DATA START
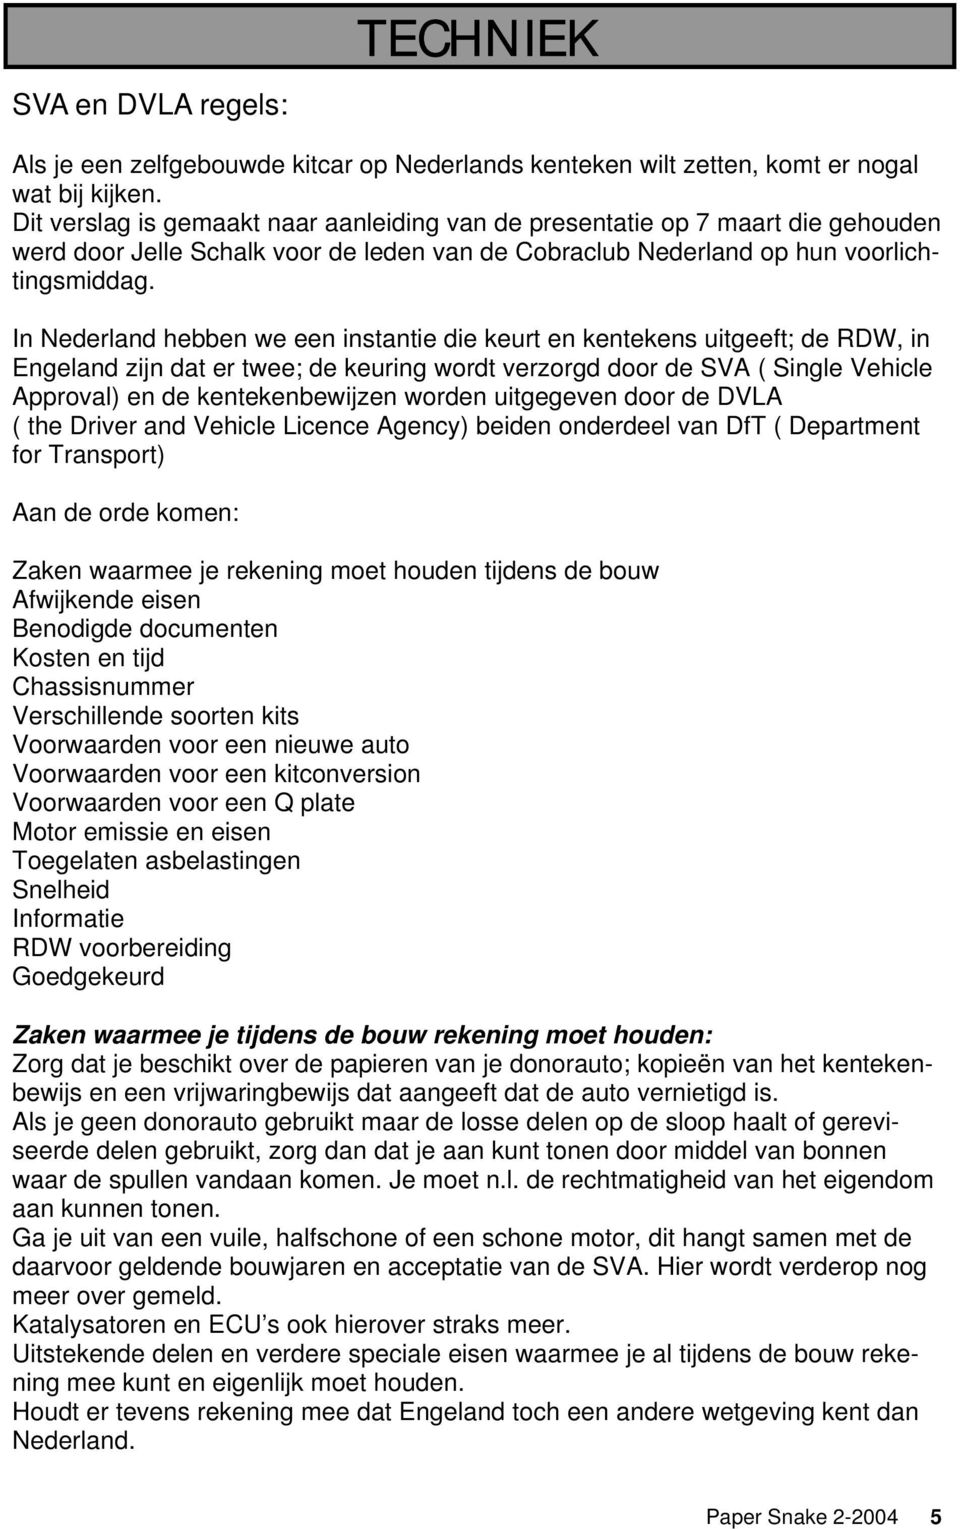 In Nederland hebben we een instantie die keurt en kentekens uitgeeft; de RDW, in Engeland zijn dat er twee; de keuring wordt verzorgd door de SVA ( Single Vehicle Approval) en de kentekenbewijzen
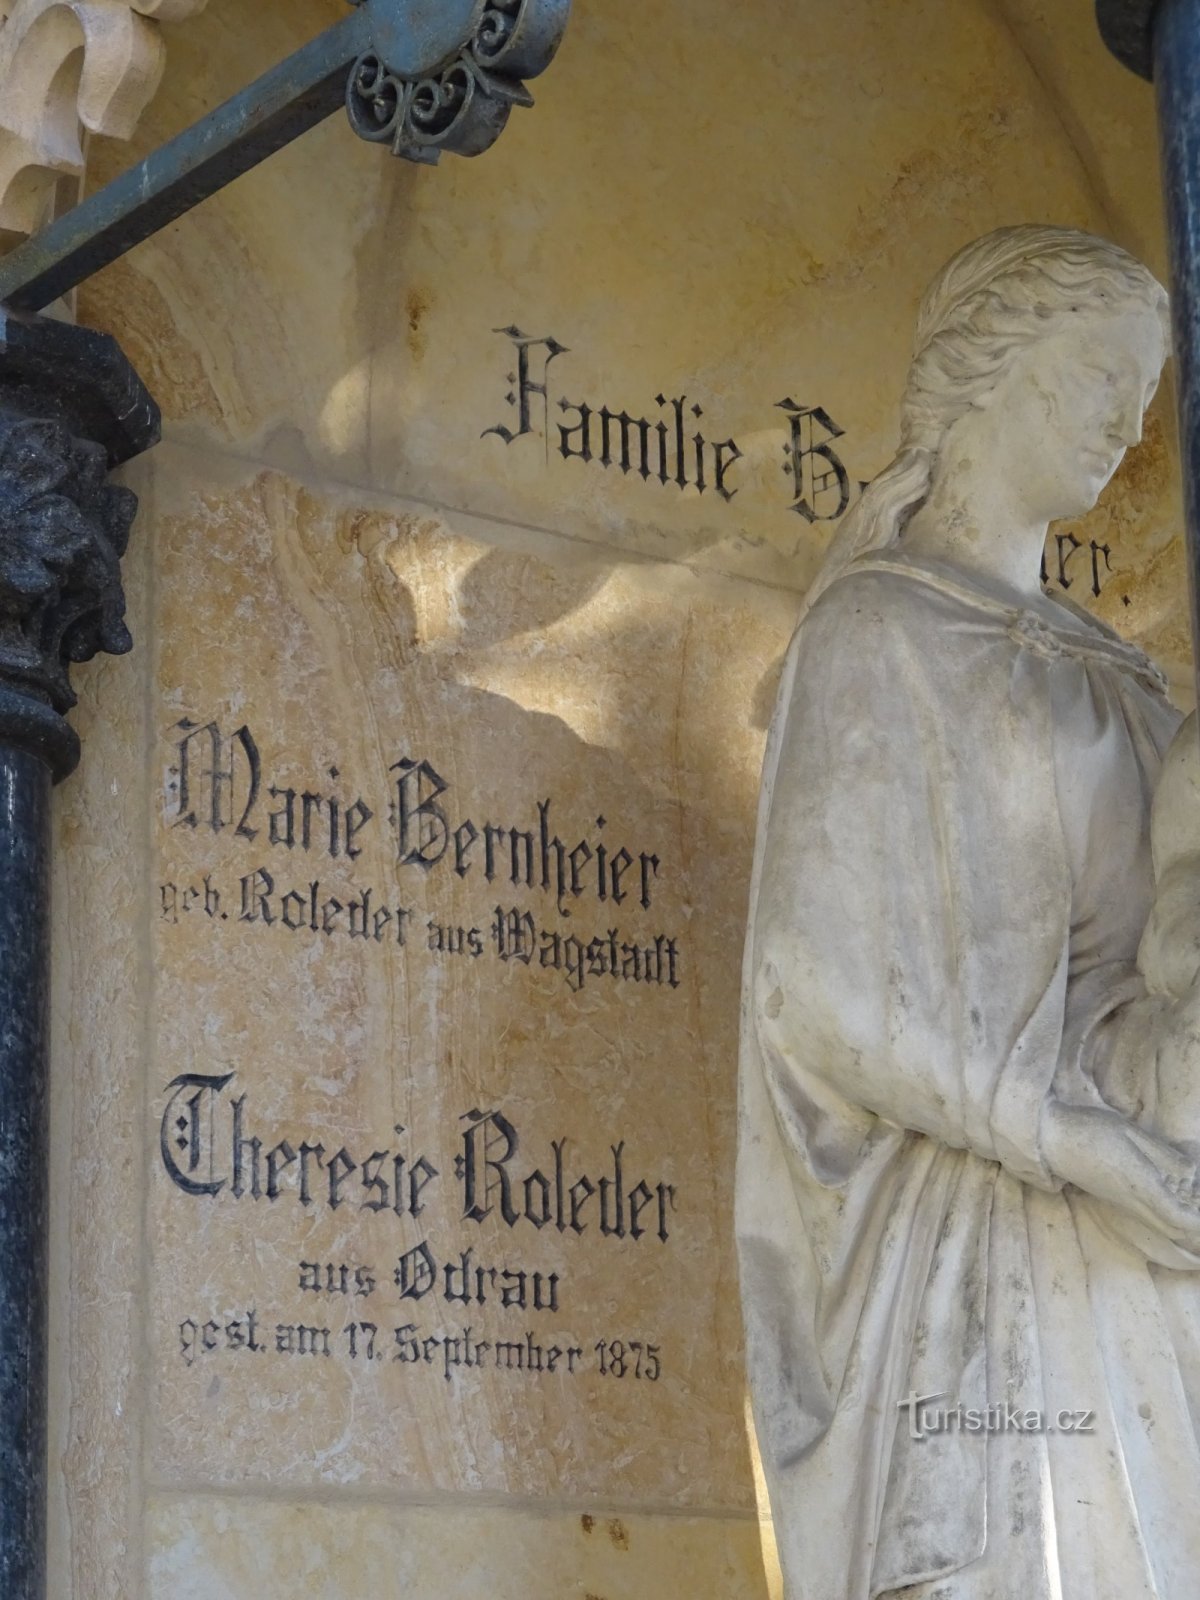 Odry - o túmulo da família Bernnheier
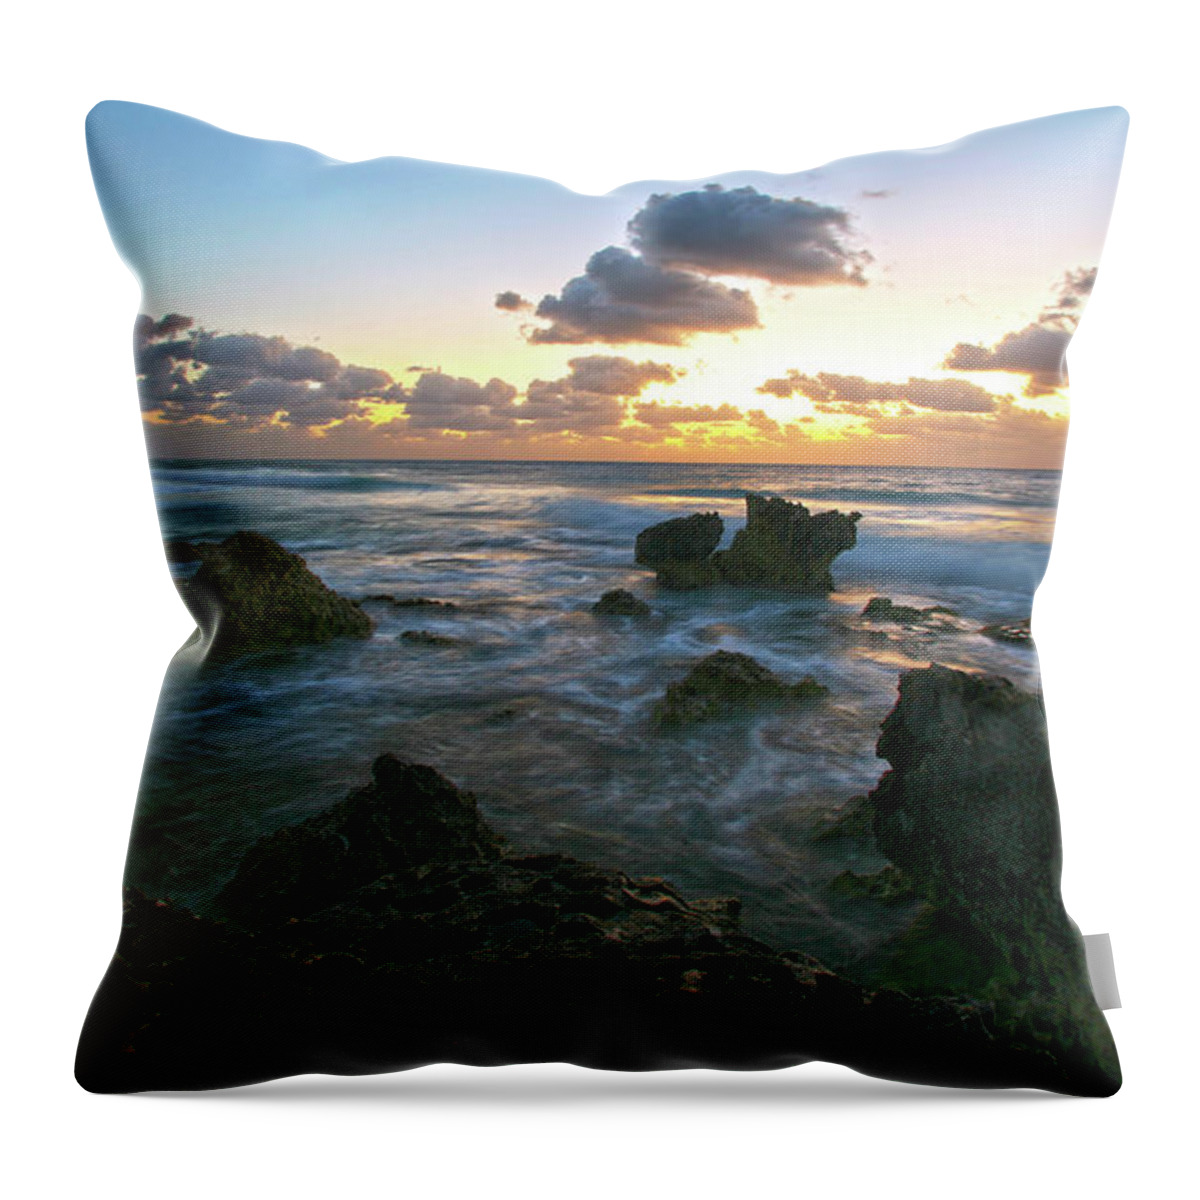 Spanish Throw Pillow featuring the photograph Sunset Seas by Robert Och
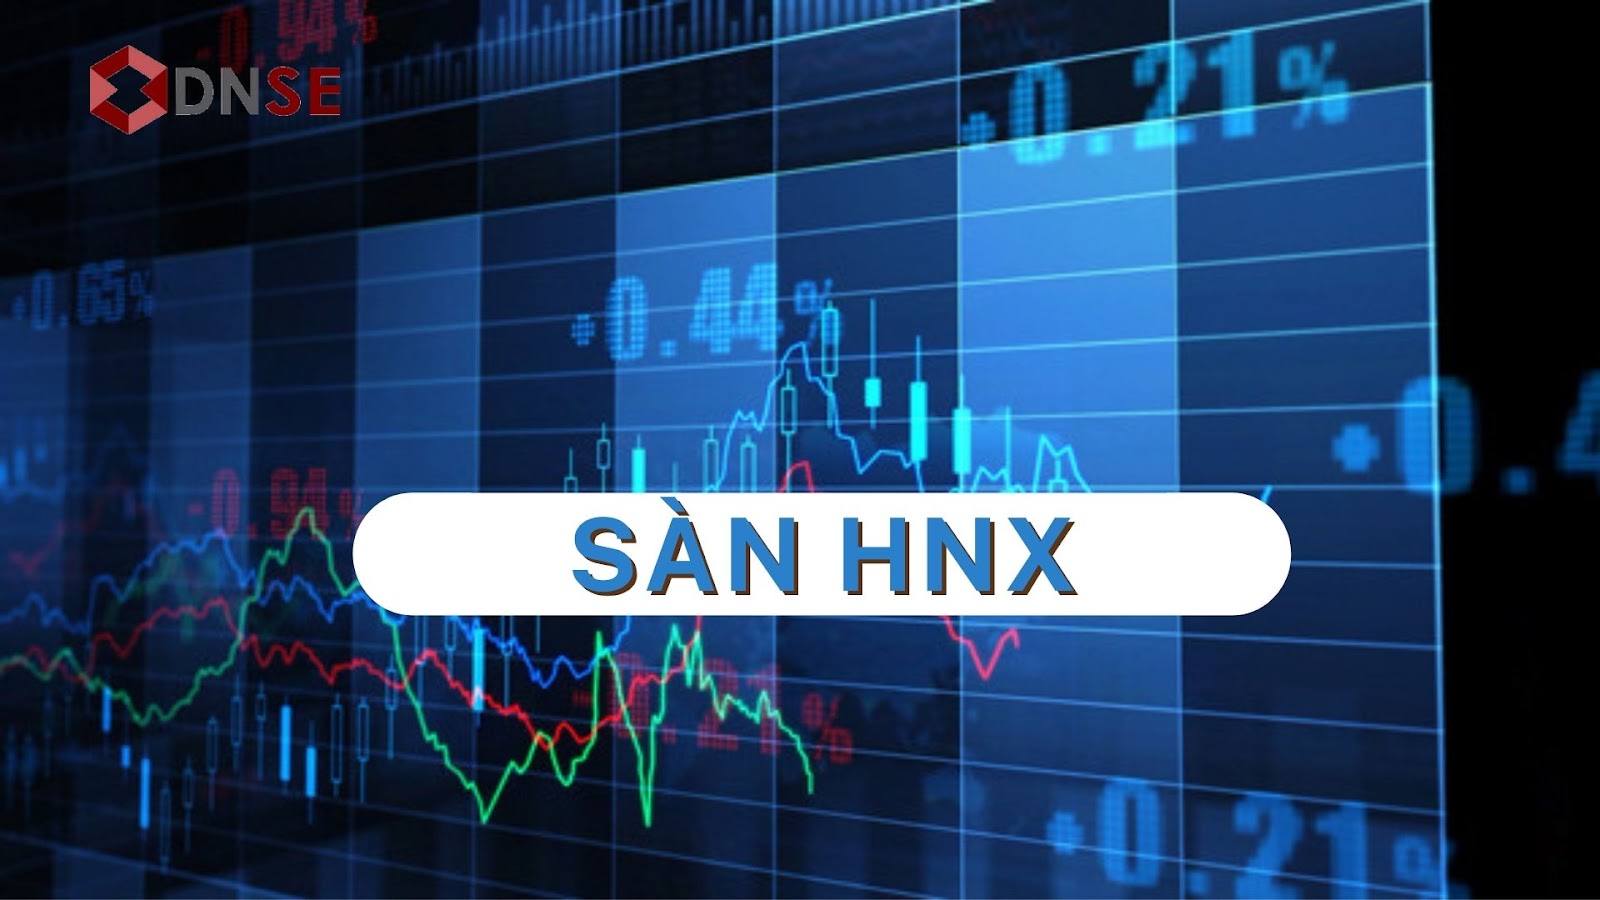 Sàn HNX - Sở giao dịch chứng khoán Hà Nội
DATA END
Would you copy out the material above exactly, without the pictures in it?

REPLY TO THE EXERCISE:
 In Nederland hebben we een instantie die keurt en kentekens uitgeeft; de RDW, in Engeland zijn dat er twee; de keuring wordt verzorgd door de SVA ( Single Vehicle Approval) en de kentekenbewijzen
 Odry - o túmulo da família Bernnheier
 Spanish Throw Pillow featuring the photograph Sunset Seas by Robert Och
 Sàn HNX - Sở giao dịch chứng khoán Hà Nội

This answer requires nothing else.